How Hong Kong lost its will to protest, and why an author accuses government of using laws to crush dissent
From the 1966 riots to the 2014 ‘umbrella movement’, Hongkongers have hit the streets to air their grievances. But after authorities recently handed down harsh prison sentences and banned some protesters from politics, it seems the city no longer has the heart to demonstrate
Hong Kong has a proud reputation as a city of protest, but things are changing fast. The number of protests is down, attendances are diminishing, and young activists inspired by the 2014 “umbrella movement” say they have turned away from protest as a means of achieving political or social change.
“It’s hard to say if anything could get me back on the streets. I won’t say I have completely given up – I just feel frustrated and tired,” says Carmen Li Ka-man.
The third-year sociology undergraduate at Hong Kong Shue Yan University was eight years old when she first attended a protest with her parents and, like thousands of other locals, has participated in dozens since.

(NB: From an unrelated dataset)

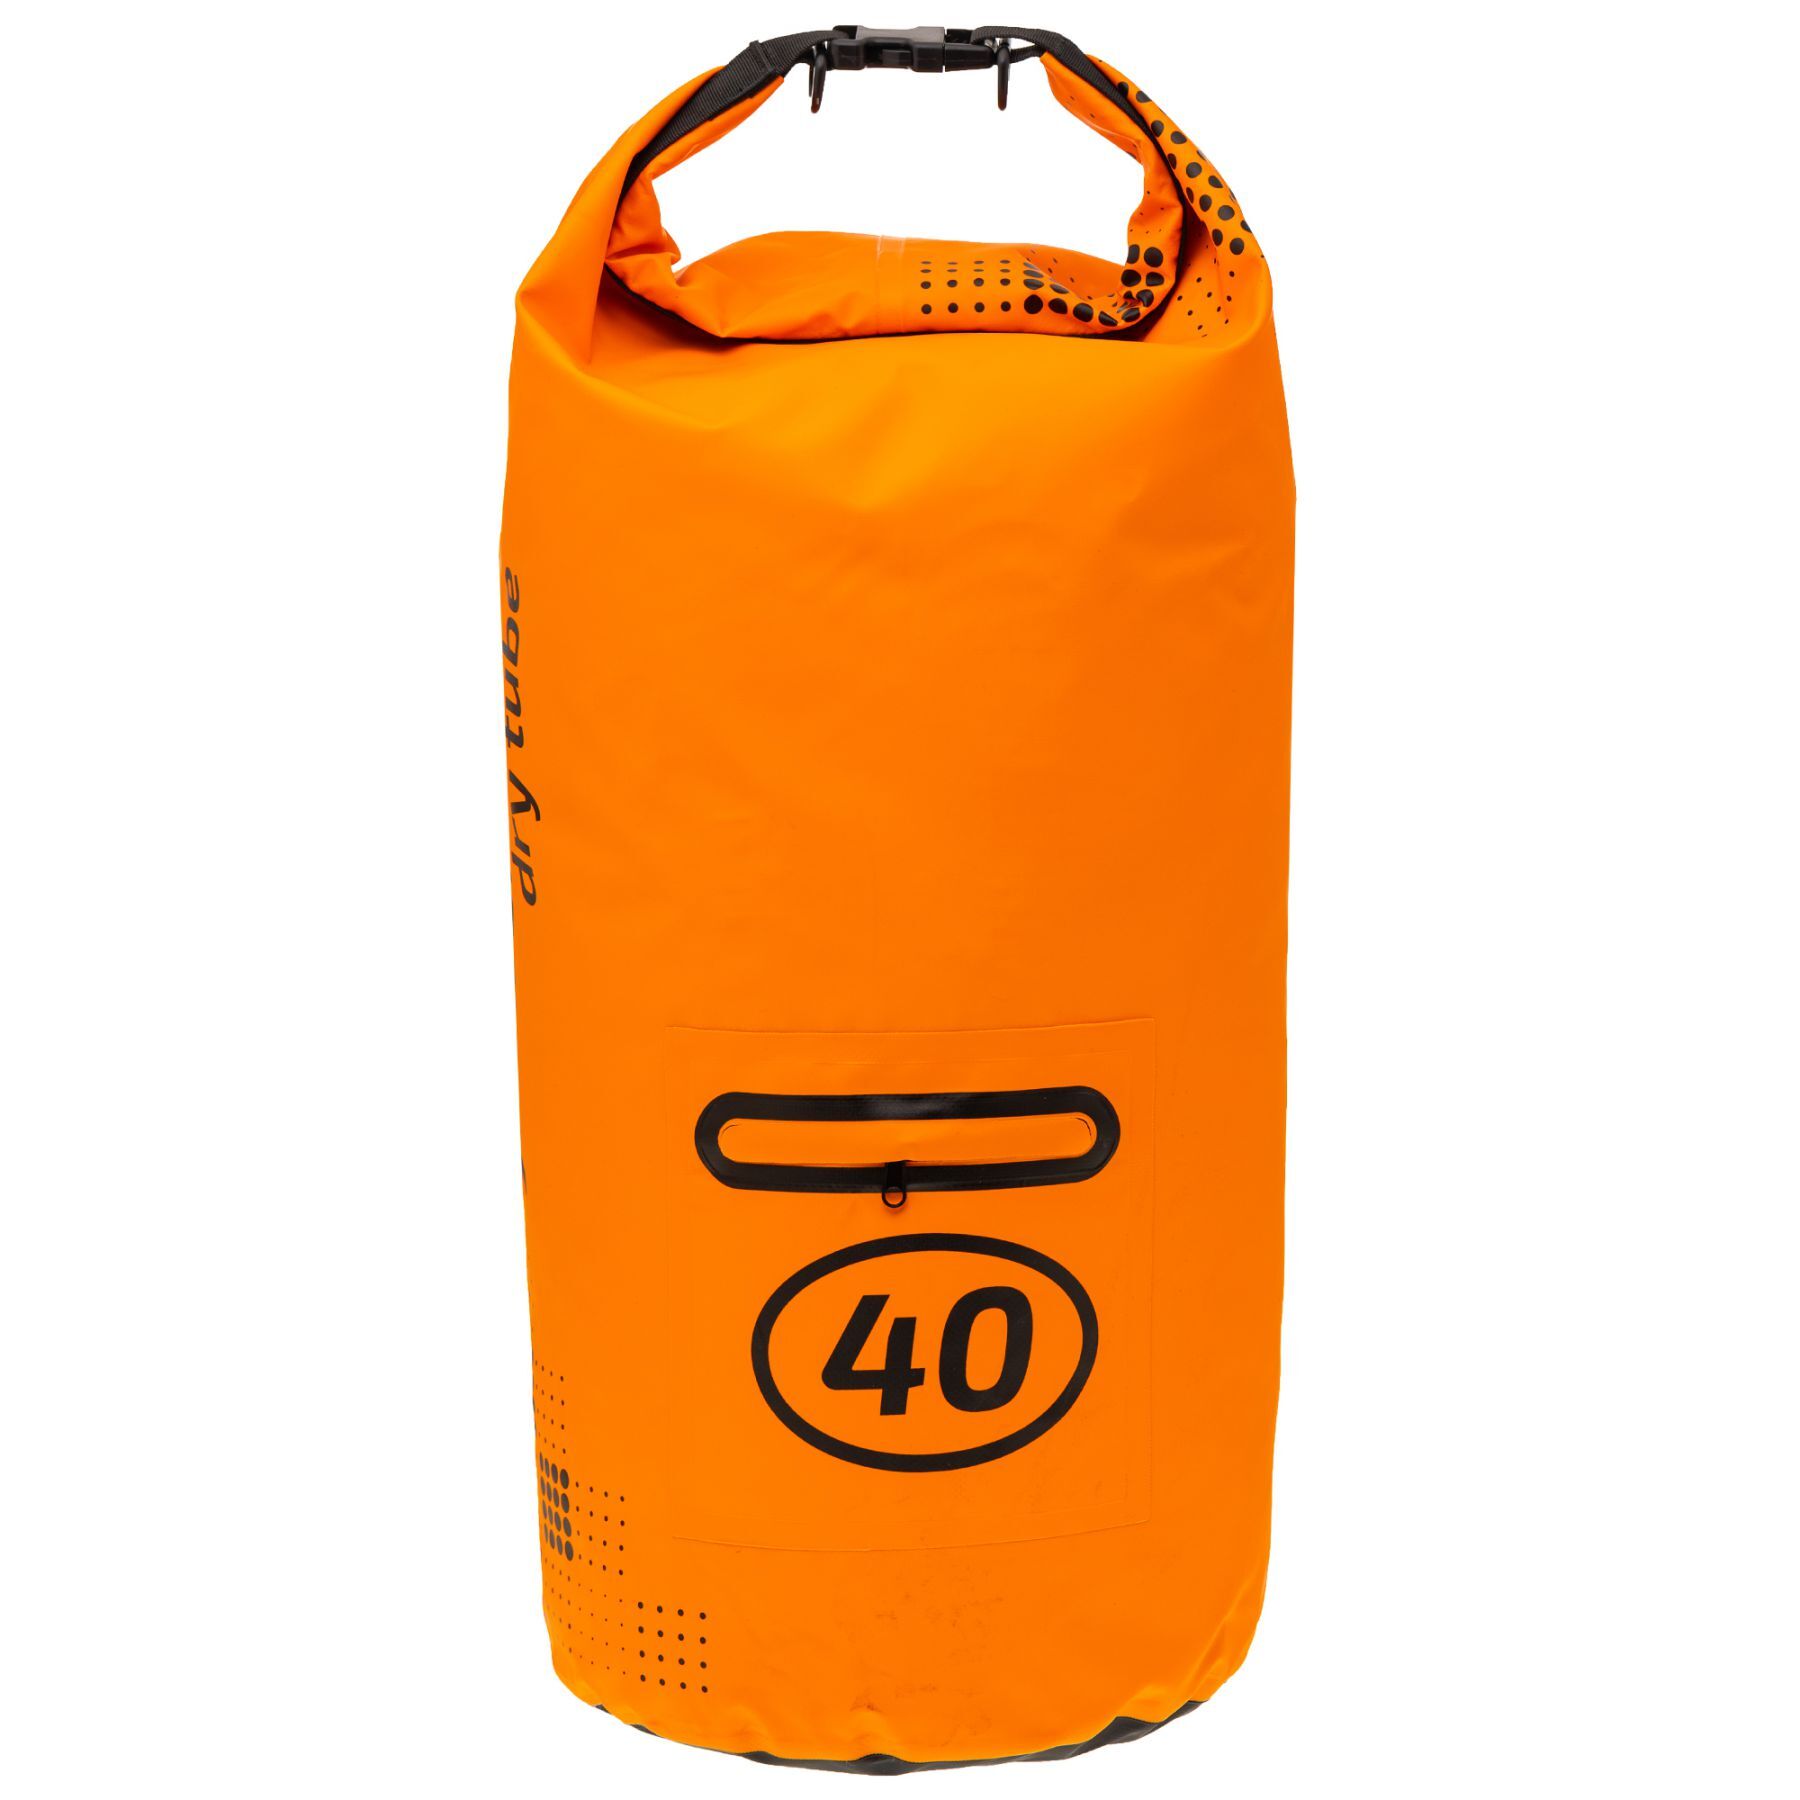 Гермобаул. Гермомешок 40л. Гермомешок 40 литров оранжевый с лямкой и карманом Marlin Dry tube 40 l. Гермомешок Вольный ветер 80 л. Гермобаул 120 литров.

Among them was the “umbrella movement”, which began as the Occupy civil disobedience movement, sparked by a ruling in Beijing that was seen as restricting democratic development in Hong Kong. It became known as the umbrella movement after protesters used umbrellas to shield themselves from pepper spray.
Li was pepper sprayed in the face by police while taking video as a citizen reporter outside Government House at the July 1 pro-democracy rally in 2016, and afterwards lost faith in the value of protest.

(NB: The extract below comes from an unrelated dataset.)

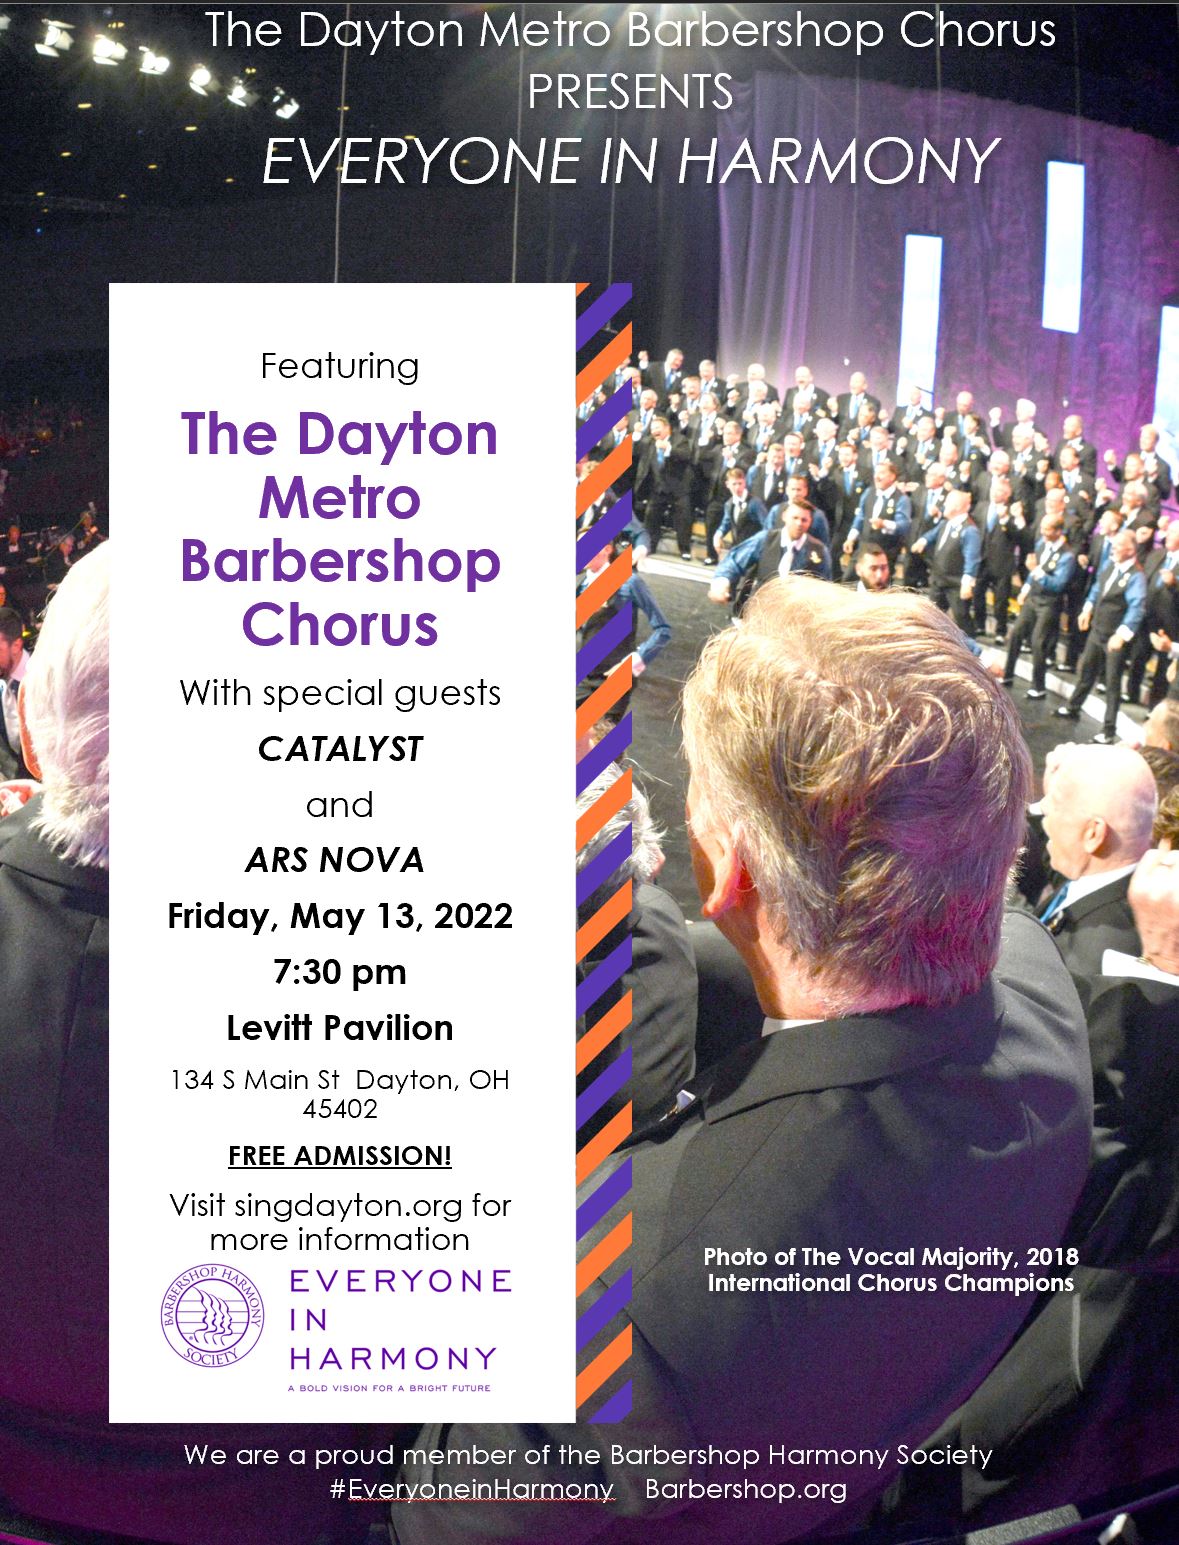 The Dayton Metro Barbershop Chorus Presents: Everyone in Harmony feature image

“After 2016, I didn’t go to many demos. I just felt frustrated and thought it was useless. It was not about the pepper spray, it was because nothing was changing. I am less interested in politics and protest now,” she says.
Statistics suggest Li is not alone. This year saw the lowest turnout ever for the annual July 1 march, and police statistics for January to June 2018 reveal that the number of public processions (the police term for marches and demonstrations) has fallen to its lowest level in a decade. For the first six months of 2018, the average monthly number of processions was 85, compared with 100 in 2017 and the peak of 108 in 2016.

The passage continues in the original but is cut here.